Сын горделиво опускает глаза.
- Хорошо, отец, - отвечает он вроде бы равнодушно.
Но я вижу: Виталику приятно сознавать, что его в какой-то мере выделяют среди людей. Возможно, так же гордился собою и тот школяр, которого за гнусаво-певучий голос нанимали читать псалтырь...
Я нарочно немного запоздал с сыном. Когда мы с Виталиком вошли в читальню, там уже было много людей. За столом сидели - наша любимая мамочка, Нина Витольдовна и... Сын так и отшатнулся, но моя рука, которой я обнял его за плечи, нежно, но твердо придержала его.

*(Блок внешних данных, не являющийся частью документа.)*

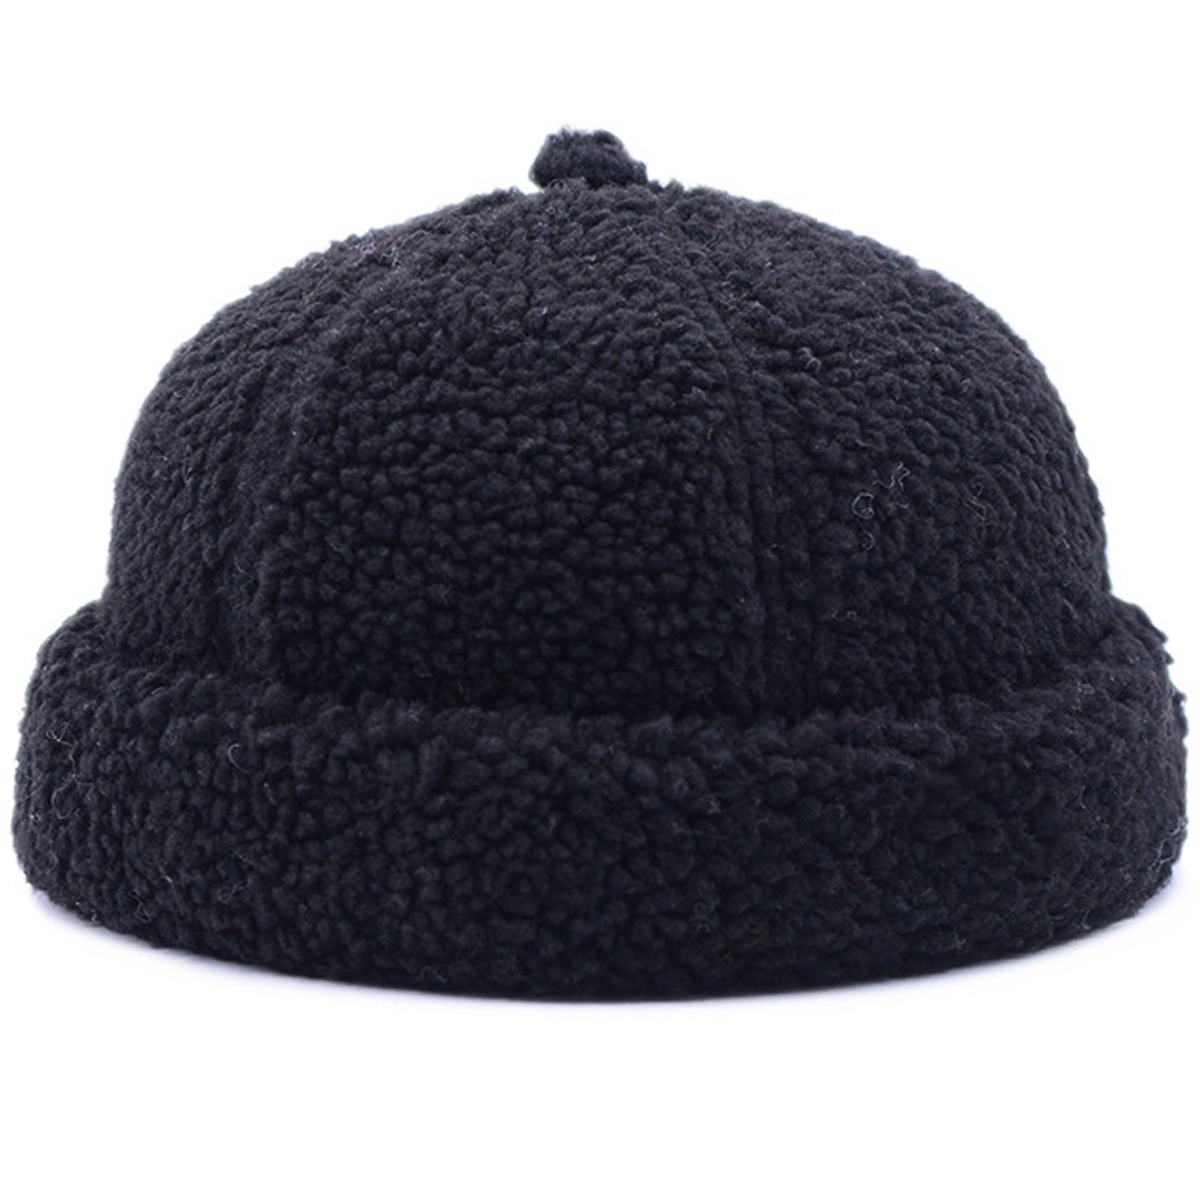 Mũ tròn miki hat lông cừu ấm áp (MU14), nón vành tròn thủy thủ mùa đông thời trang nam nữ, mũ họa sĩ cá tính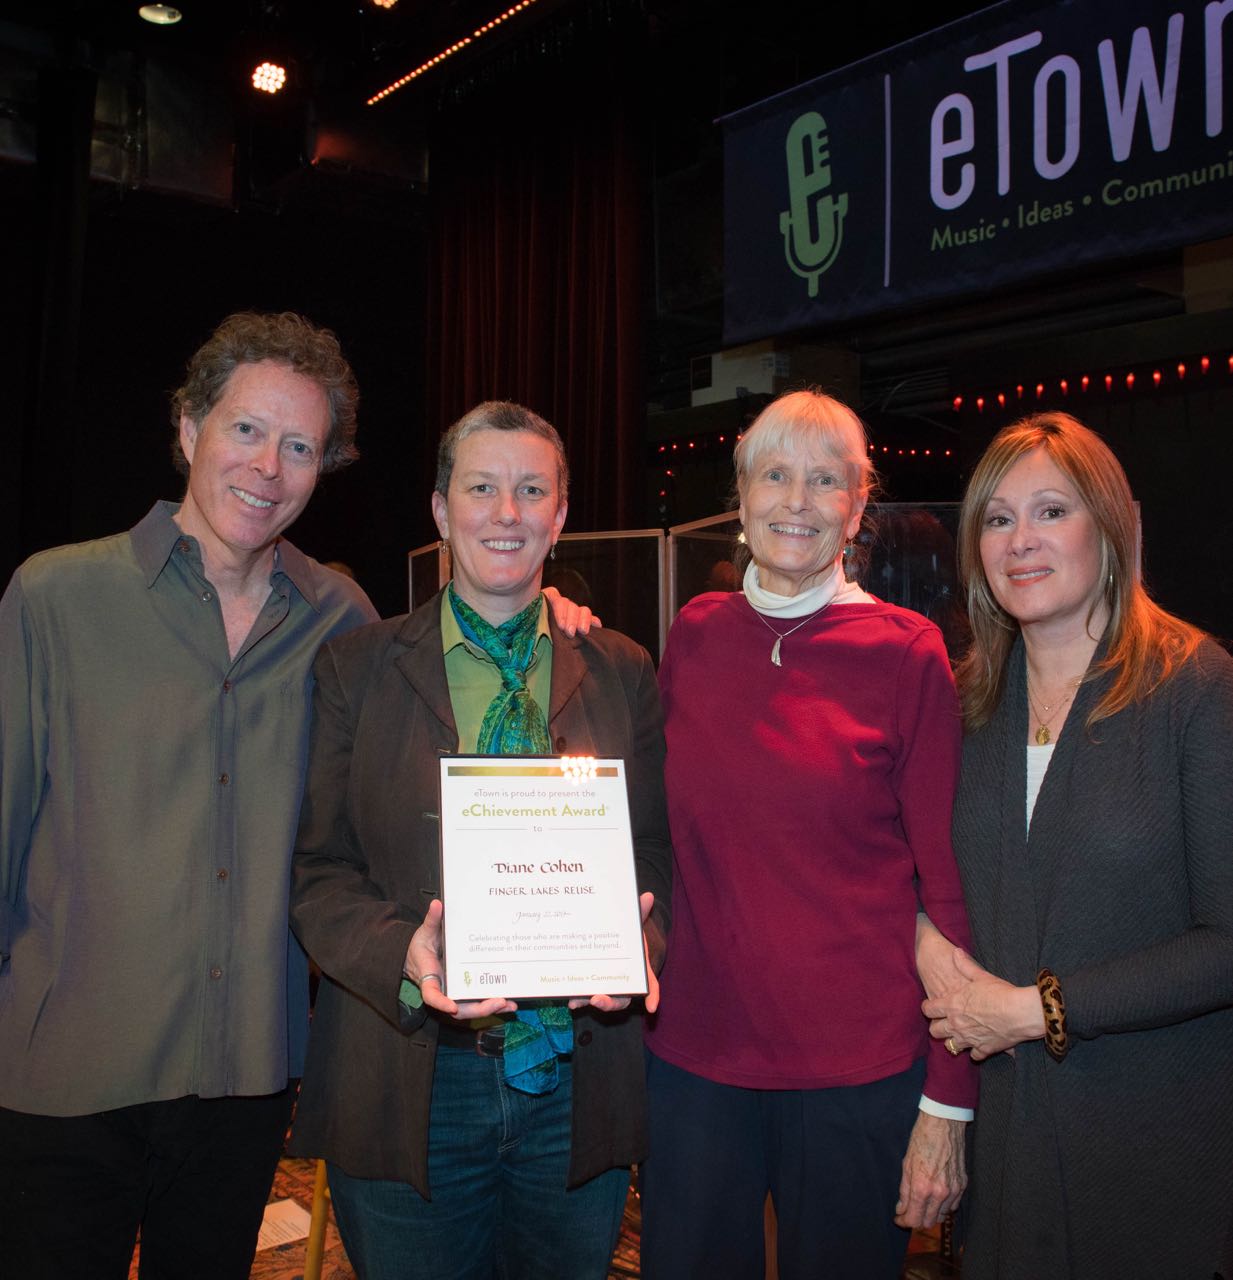 eChievement Award winner Diane Cohen - Finger Lakes ReUse - eTown

- Вот, - говорю я всем, - и сын мой хочет нам что-нибудь почитать.
И Виталик, вспыхнув у всех на глазах, вынужден был сесть рядом с этой невыносимой девчонкой.
А она, эта моя невестушка, даже глазами заморгала, с шаловливым вниманием - снизу вверх - разглядывая своего "нареченного". Я знаю, ей, должно быть, очень хотелось тайком ущипнуть его. Но она чувствовала, что Виталик сейчас ненавидит ее, а это тревожило и обижало девчушку, и она (о премудрая Евина дочка!) сразу же нашла верный тон:
- А мы все так ждали тебя! Говорят, что ты ужасно хорошо читаешь! Лучше всех в селе!
Виталик вздохнул тяжело, посмотрел на нее диковатым взглядом.
- Кто? Я?!
Катя закивала головой, и взгляд ее был невинным и голубым - весь сонм чертиков, поджав хвосты, попрятался в глубине ее зрачков.
- Ты, наверно, много стихов знаешь на память. А я быстро забываю.
Виталик взглянул на нее теперь уже удивленно, недоверчиво.
- Х-ха!
С воодушевлением, в котором больше гордости, чем истинного чувства, Виталик читает нам "Сон". Полный триумф. Катя хлопает в ладоши. Парни и девчата еще не знают такого способа проявления чувств, но тоже начинают похлопывать, помогая босыми пятками.
Вечер в разгаре, но детей пора отправлять по домам.
Я говорю Виталику:
- Катя боится одна идти домой.
- Да, да, одна я буду бояться.
Мой сын хмурит брови.
- Хе! - И, по-рыцарски идя позади нее, выполняет этим самым свой мужской долг и отцовскую волю.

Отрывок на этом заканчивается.